If you have installed a cam in 2005 LS2, can you give me any advice warnings or tips ...I hear these stories about not having to remove the intake manifold because the lifters clear the cam after removing the rockers. I do not understand how that works. Do the lifters need to be retained some how in a raised position? Please explain.
Thanks, Craig


----------



## Route 66 (May 30, 2005)

http://www.ls1howto.com/


----------



## cat1055man (Nov 6, 2005)

Route 66 said:


> http://www.ls1howto.com/


Excellent info., thanks!

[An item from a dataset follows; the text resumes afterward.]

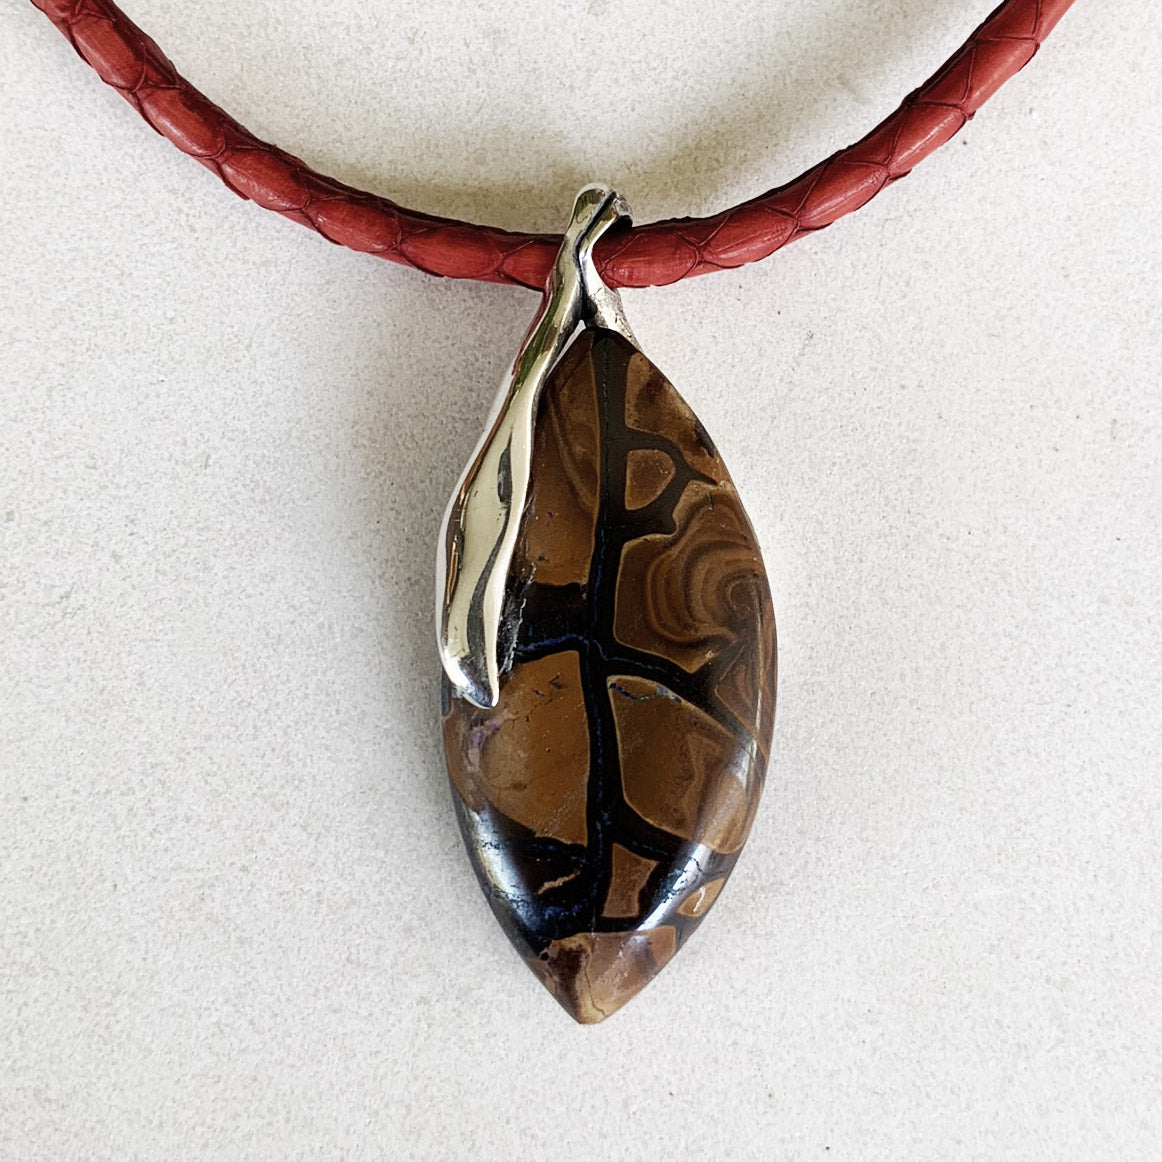 Boulder opal pendant on red leather necklet

I have been wondering what the trick is with the lifters and cam swap with out pulling the intake, could not understand what keeps the lifters up to clear the lobes. 
The factory service manual says the engine has to come out to change cams...this has to be wrong? Do you know if there is in fact adequate clearance to clear rad. support etc. :cheers


----------



## Route 66 (May 30, 2005)

Haha! gotta love that manual. After you rotate the cam a few times, there are suppose to be locks (so to speak) that keeps the lifters up...but I would suggest the dowel rods or other recommended devise. I dont know of anyone or any shop that has ever pulled the motor for a cam swap. Yes, there is enough clearance.....pull the fan and radiator (just watch those a/c lines) and you'll do fine.


----------



## cat1055man (Nov 6, 2005)

route66,
Thanks for the feeedback. By the way...hows the idle and driveability of that comp cam w/ 226 int. dur. and the tighter 112 lobe sep. in your '06? I am wanting excellent idle and boost the midrange without degrading the driveablilty. I am thinking for my desires I need to keep the int. duration under 212 [email protected]" and use a wider lobe sep. like 114deg.-115deg to achieve my goal. I was told the stock LS2 cam has around 200-202deg. int. duration and a wide lobe separation, maybe 116deg. Do you happen to know the specs for the stock LS2 cam?:cheers


----------



## Route 66 (May 30, 2005)

I think stock cam is something like 204/211 .525/.525 116lsa. The 228/232 cam I have has a pretty good lope to it.....I guess you could say by todays standards, its a relatively tame cam. Great power between 3500-7000 rpm. If you want good midrange and reasonably tolerable idle...I'd go with a Comp XE lobe 224/224 .568/.568 114lsa. And plenty of torque to get ya rolling.


----------